首先证明必要性("$\Rightarrow$")
由于曲线位于球面 $S^2(R)$ 上, 因此 $|r(s)|^2=R^2$. 对其求导, 得 $\langle\dot{r}(s),r(s)\rangle=0$, 即 $\dot{r}(s)\perp r(s)$. 对 $\langle\dot{r}(s),r(s)\rangle=0$ 两边再求导, 得
\[\langle\ddot{r}(s),r(s)\rangle+\langle\dot{r}(s),\dot{r}(s)\rangle=0.\]
注意到 $|\dot{r}(s)|=1$, 因此有
\[\langle\ddot{r}(s),r(s)\rangle=-1.\tag{$1$}\]
对上式进一步求导, 得
\[\langle\dddot{r}(s),r(s)\rangle+\langle\ddot{r}(s),\dot{r}(s)\rangle=0,\]
要知道 $\ddot{r}(s)\perp\dot{r}(s)$ (因为 $|\dot{r}(s)|=1$), 所以得到
\[\langle\dddot{r}(s),r(s)\rangle=0.\tag{$2$}\]

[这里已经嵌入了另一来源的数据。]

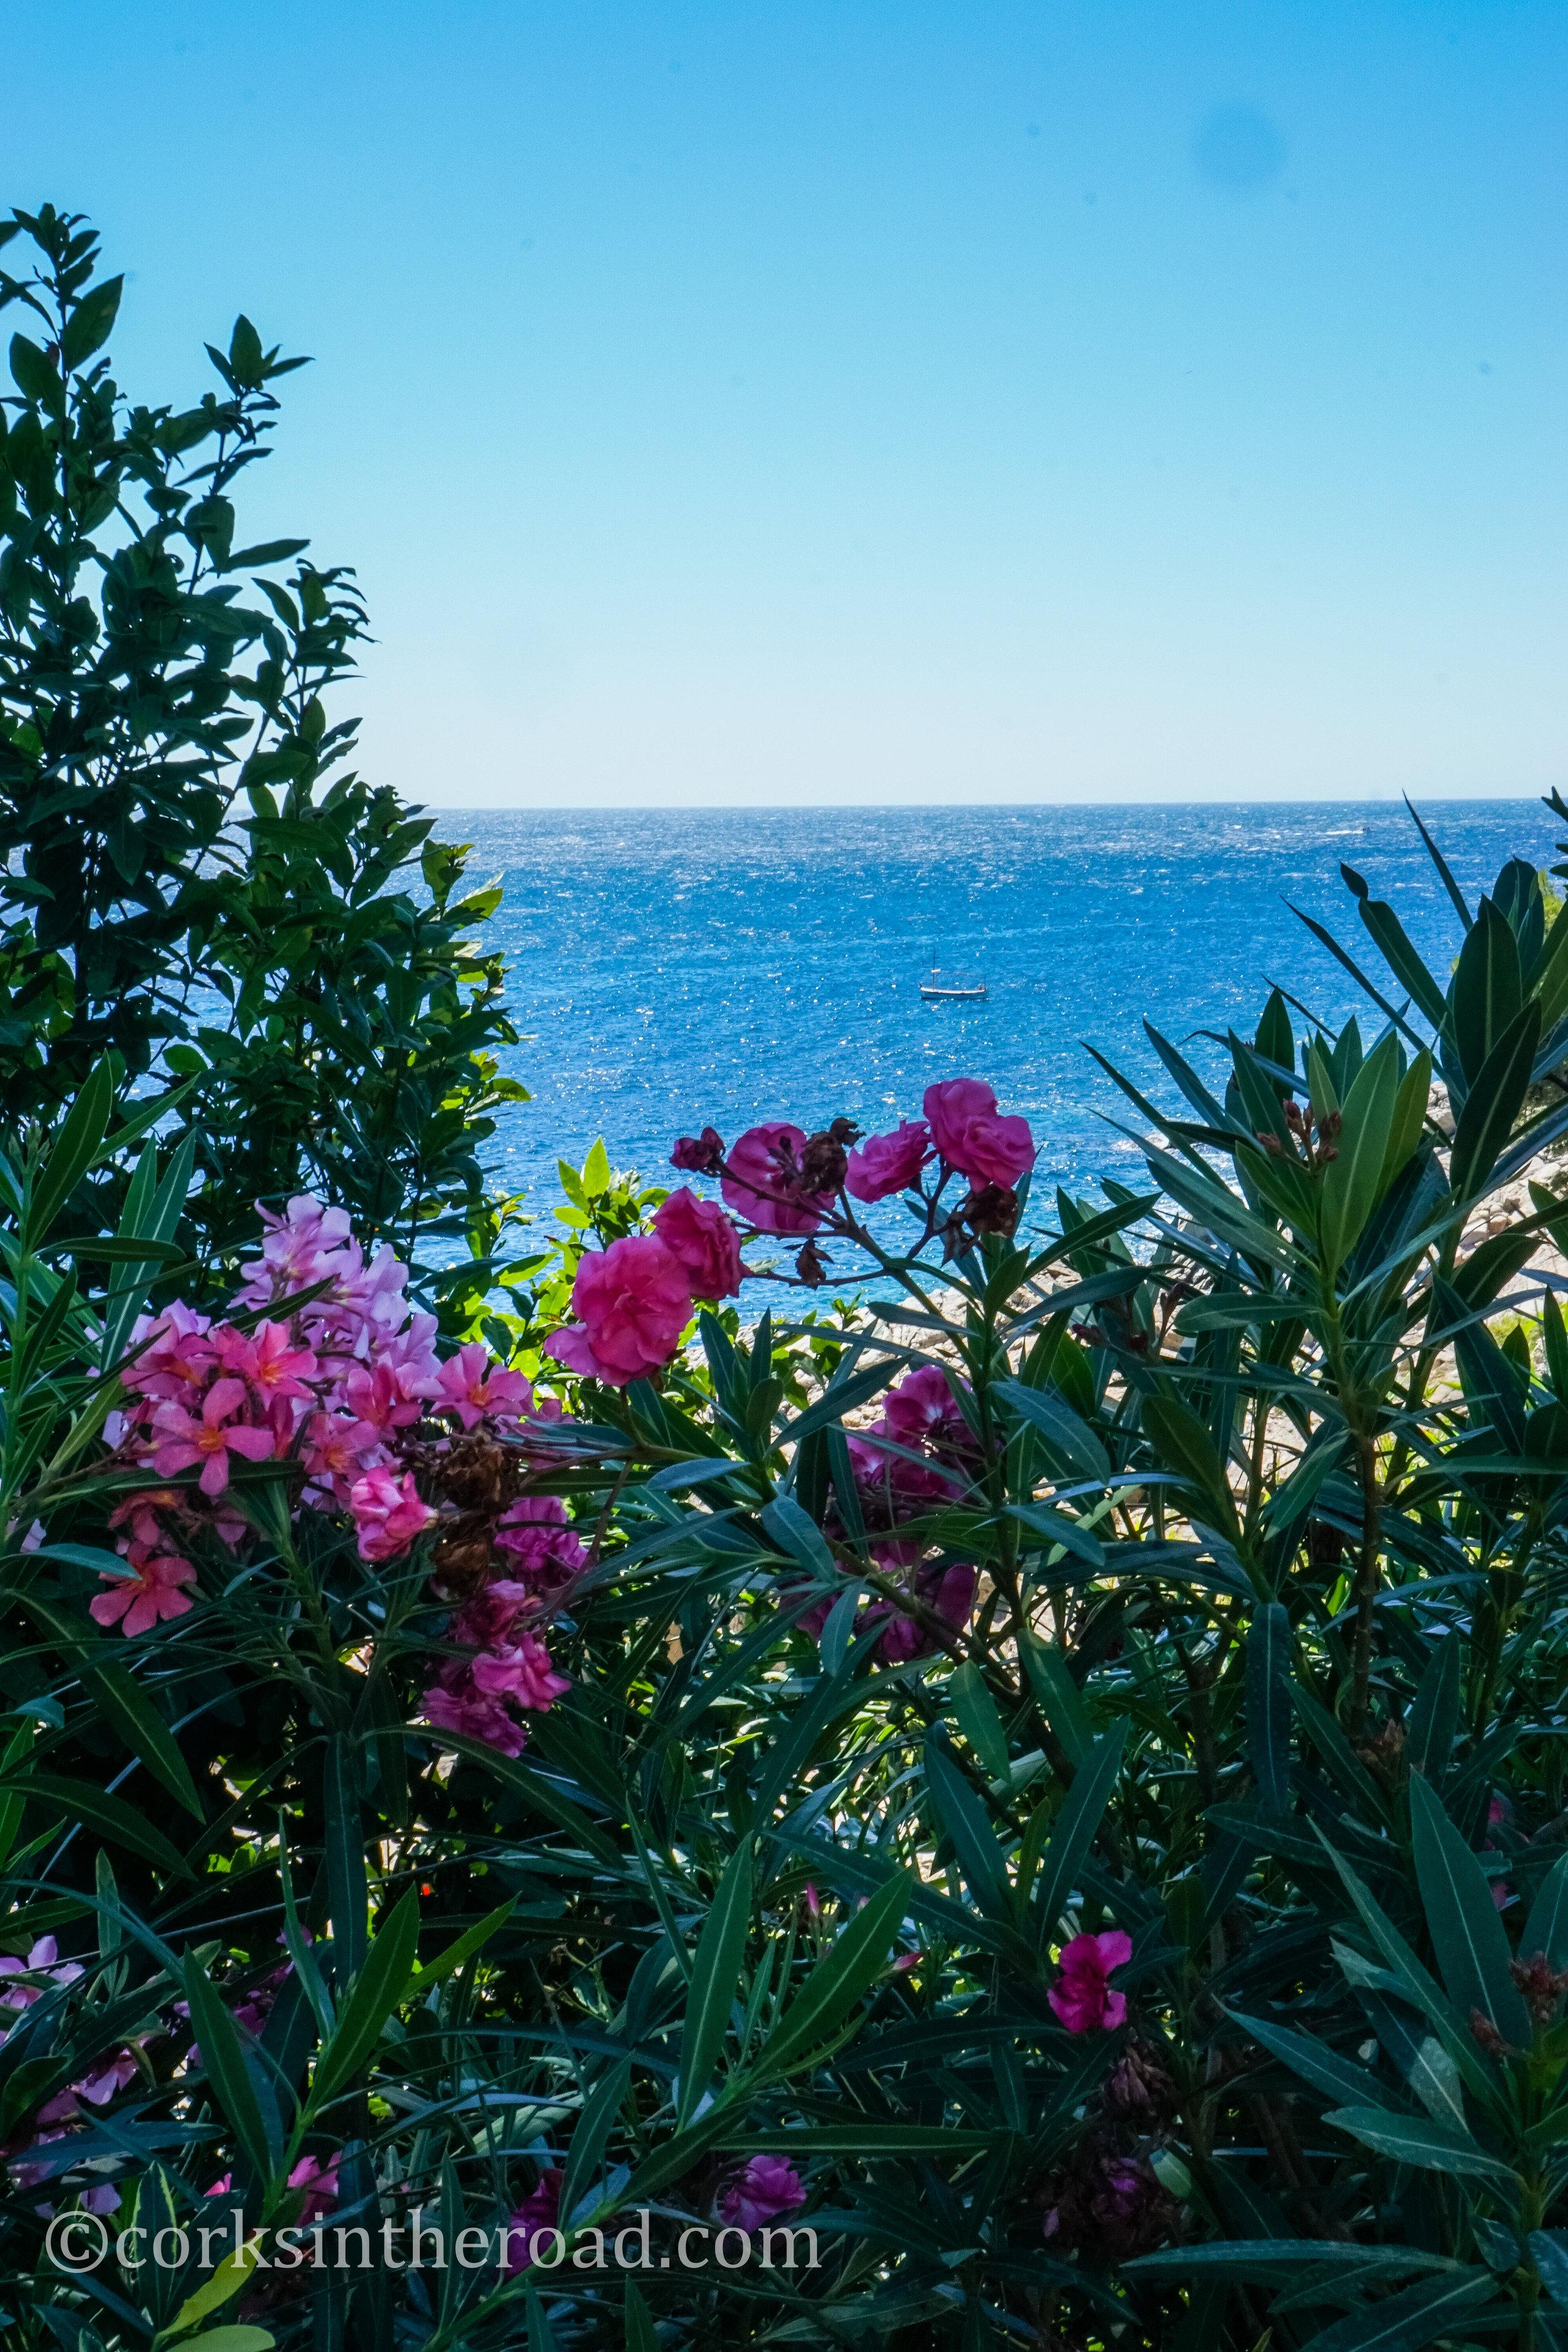 20160807Barcelona, Corksintheroad, Costa Brava, Costa Brava Landscape-11.jpg

这说明 $\dddot{r}(s)$ 与 位于球面的切平面内.
另一方面, 由 $r(s)\perp\dot{r}(s)$, 可知 $r(s)$ 可由 $e_2(s)$ 和 $e_3(s)$ 线性表示. 等价的, $r(s)$ 可由 $\ddot{r}(s)$ 和 $\dot{r}(s)\times\ddot{r}(s)$ 线性表示. 因此不妨设
\[r(s)=a\ddot{r}(s)+b\dot{r}(s)\times\ddot{r}(s).\]
将此式代入 $(2)$ 式, 得
\[a\langle\ddot{r}(s),\dddot{r}(s)\rangle+b\langle\dot{r}(s)\times\ddot{r}(s),\dddot{r}(s)\rangle=0.\]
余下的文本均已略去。